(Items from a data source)
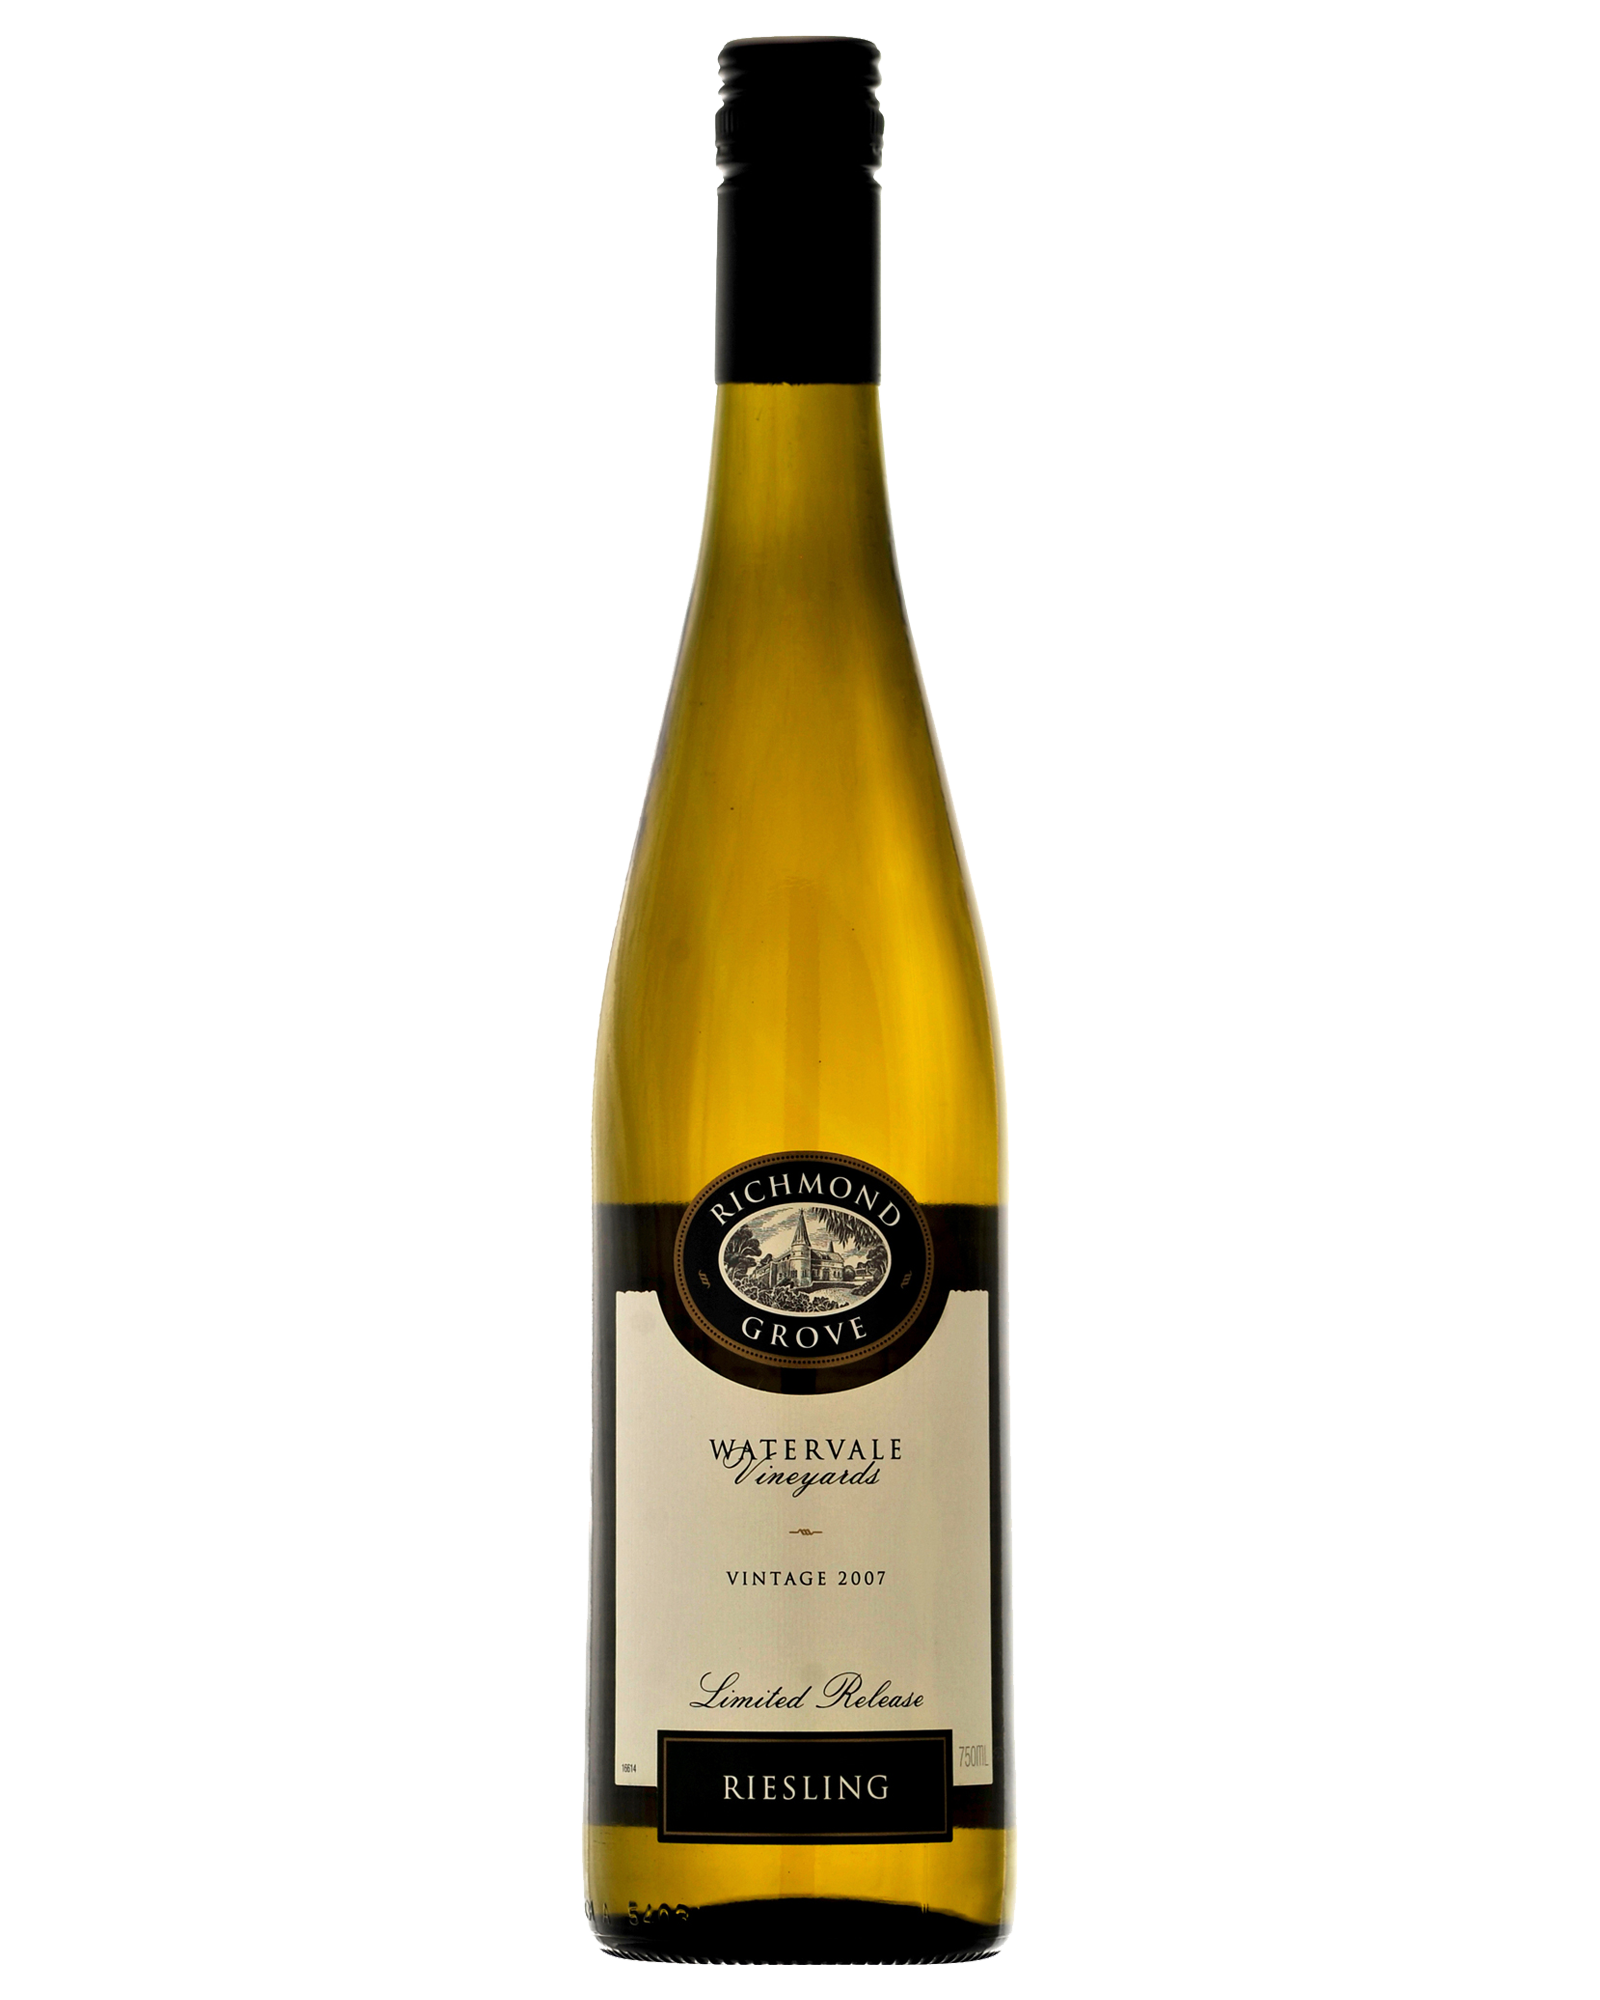 Richmond Grove Limited Release Riesling 2007
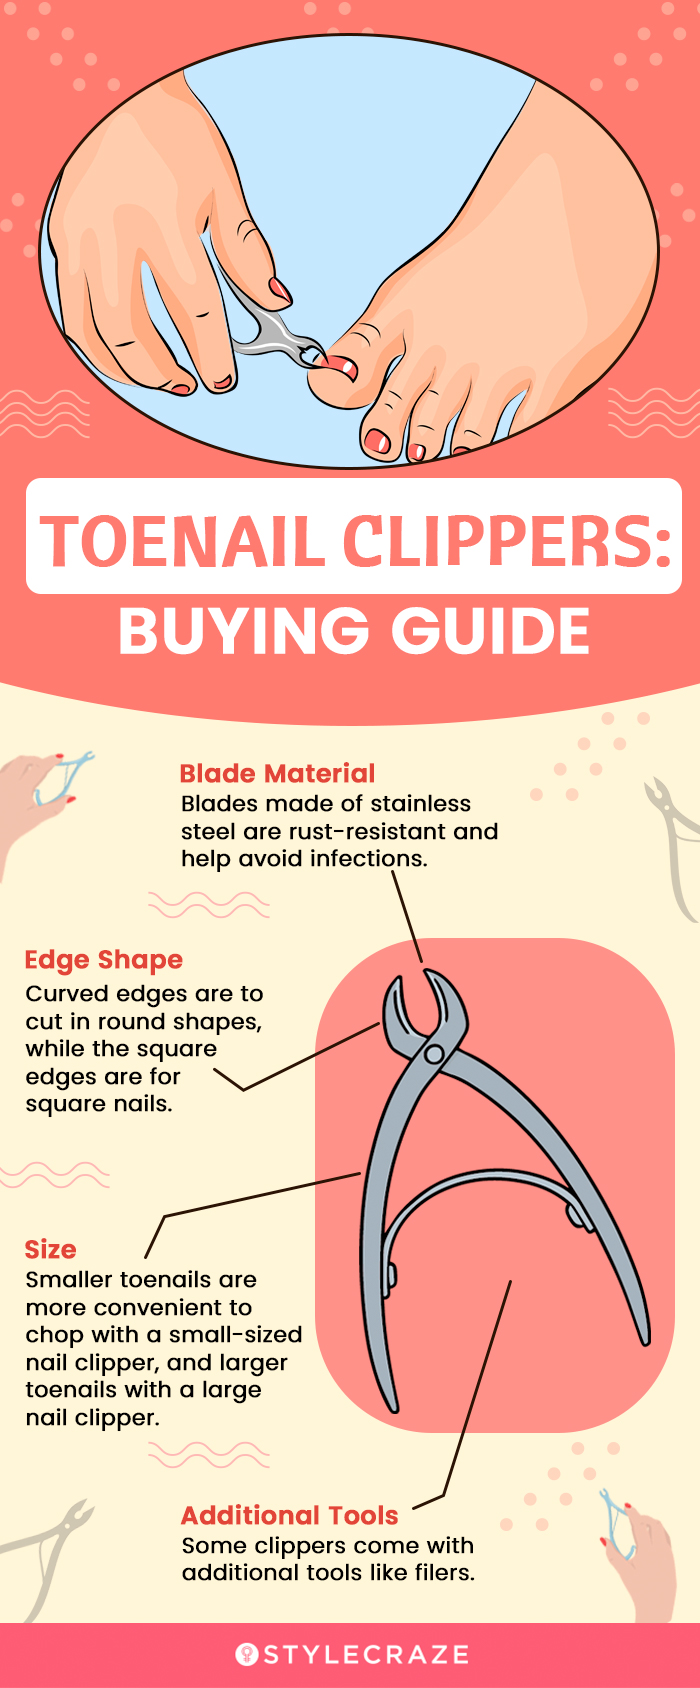 Toenail Clippers: Buying Guide (infographic)
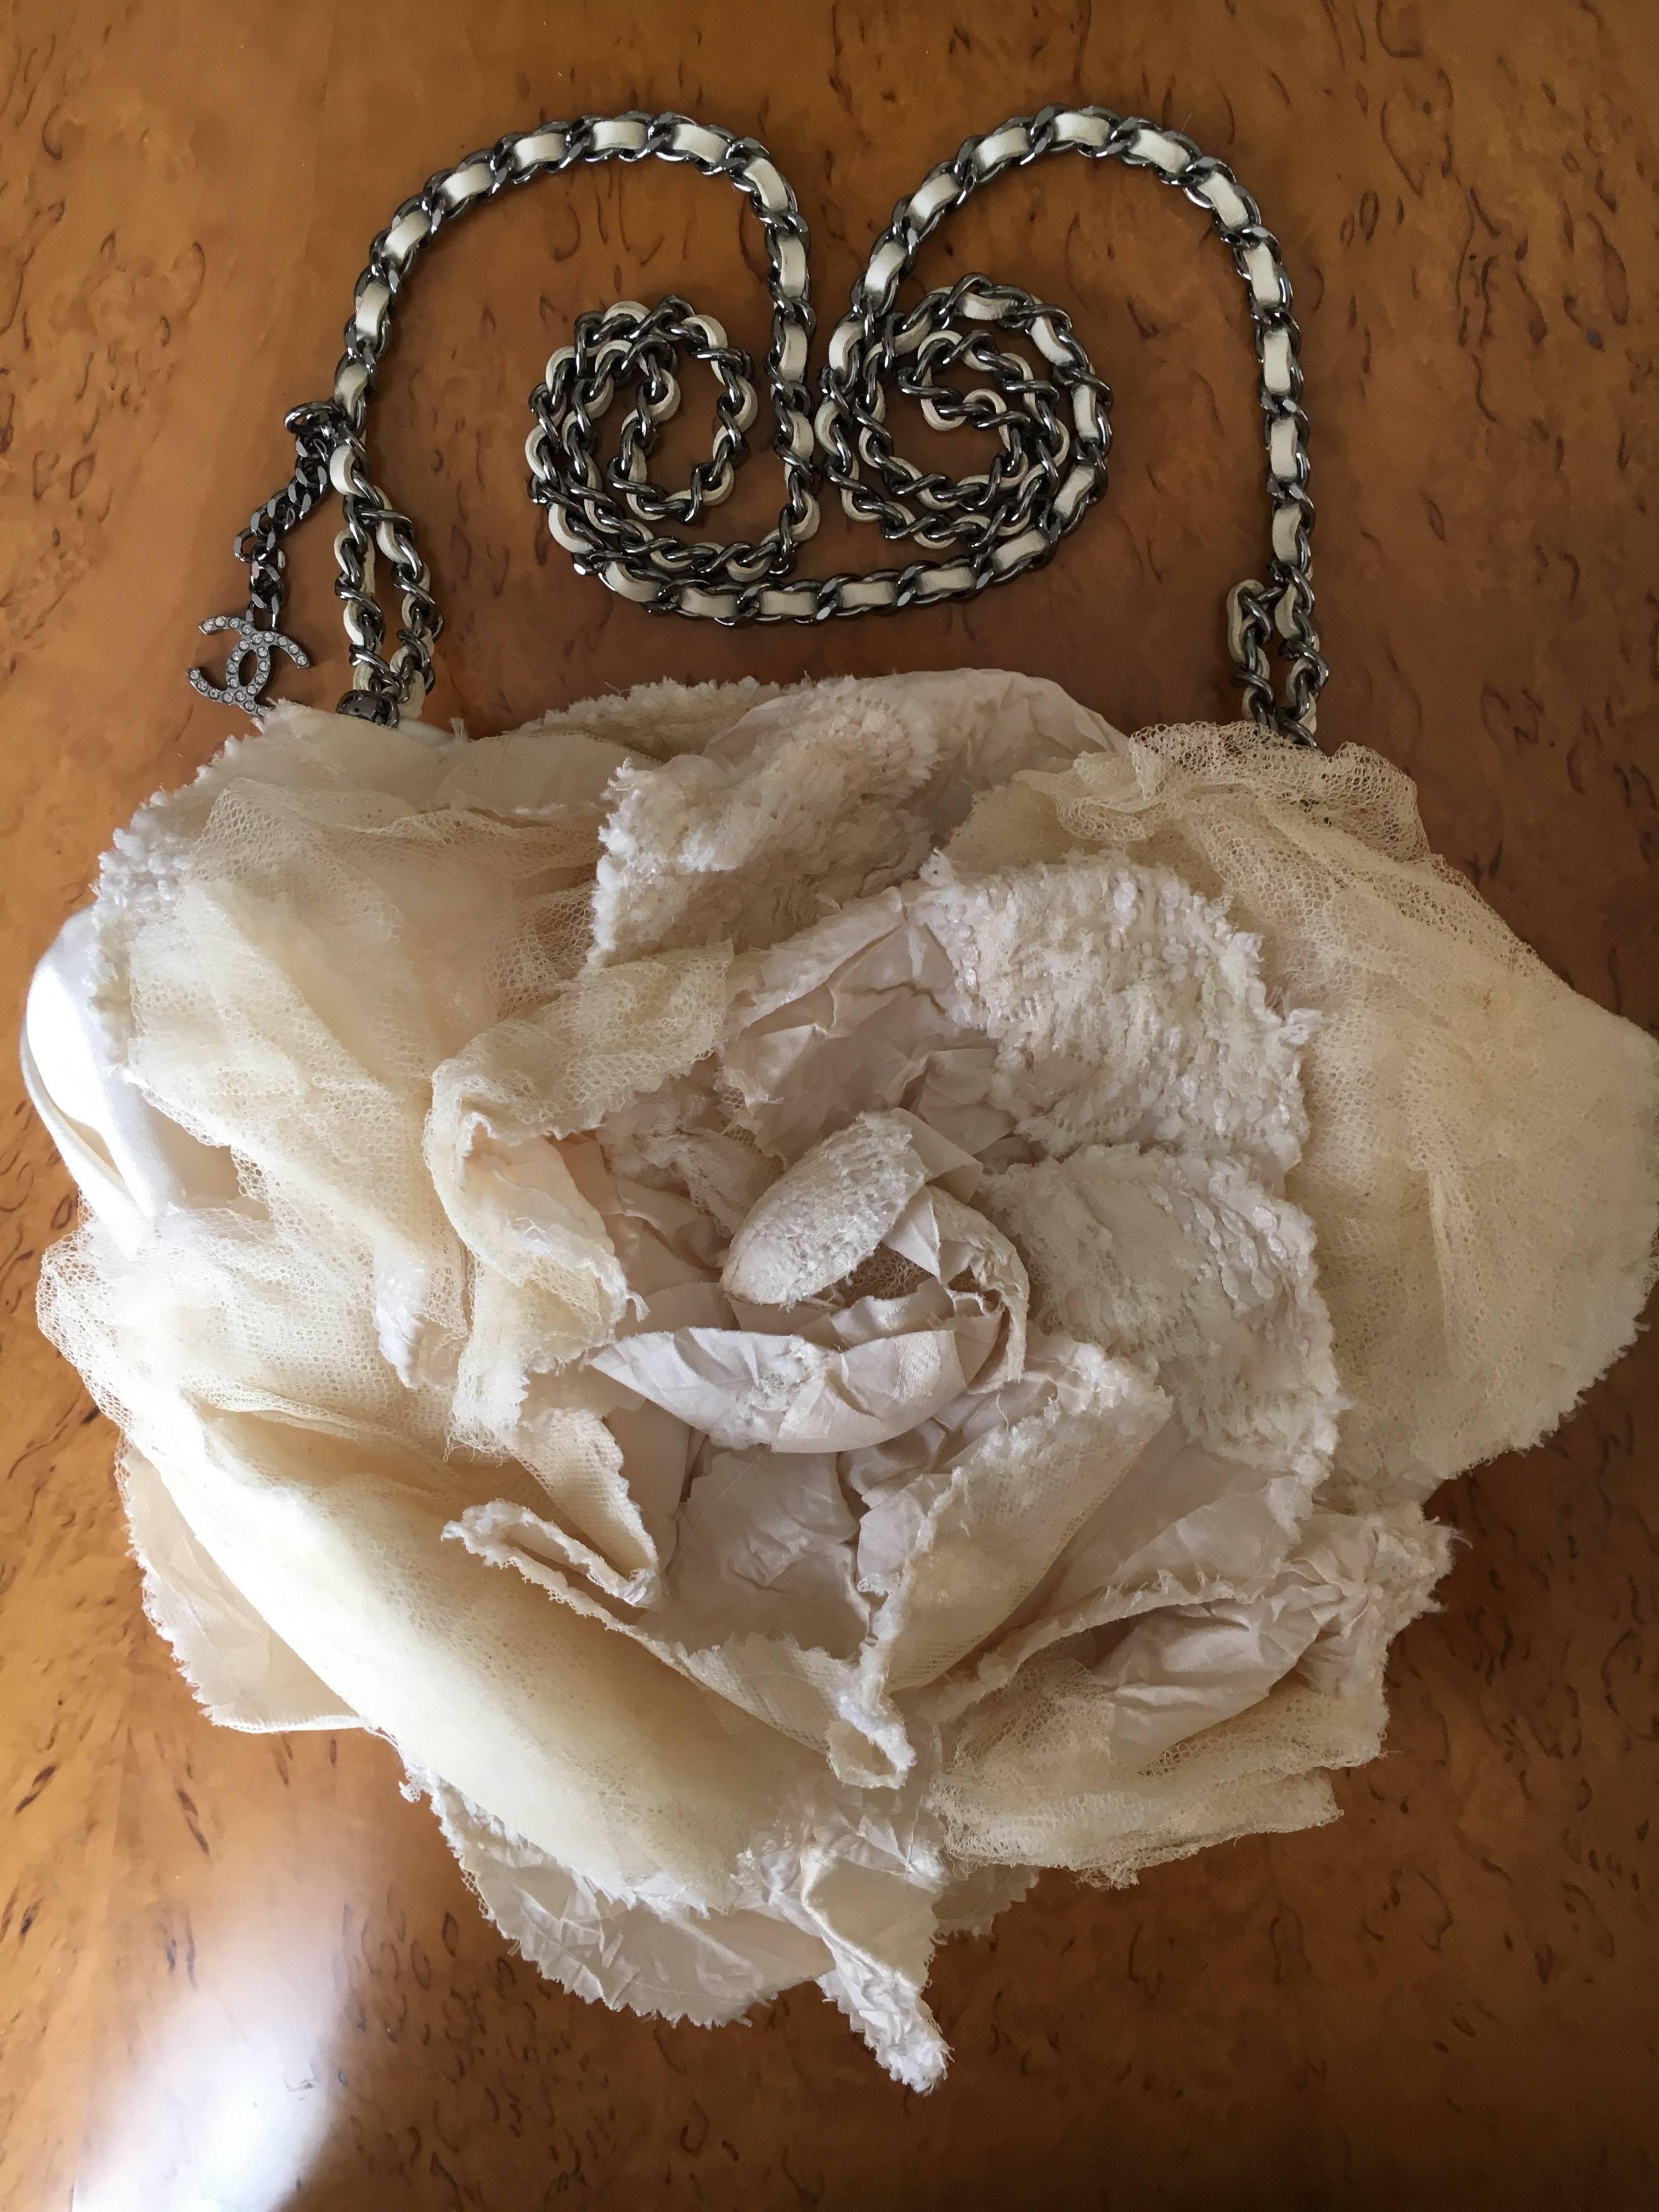 Rare soft Camellia flower clutch hand bag from Chanel.
There is a silver tone chain strap laced with white leather.
Appx 8

• Activity:
What is needed is an exact transcription of the lines from the one holding "Toenail Clippers: Buying Guide (infographic)" to the end of the data, with every picture left out.

• Result for this task:
 Toenail Clippers: Buying Guide (infographic)
 Rare soft Camellia flower clutch hand bag from Chanel.
There is a silver tone chain strap laced with white leather.
Appx 8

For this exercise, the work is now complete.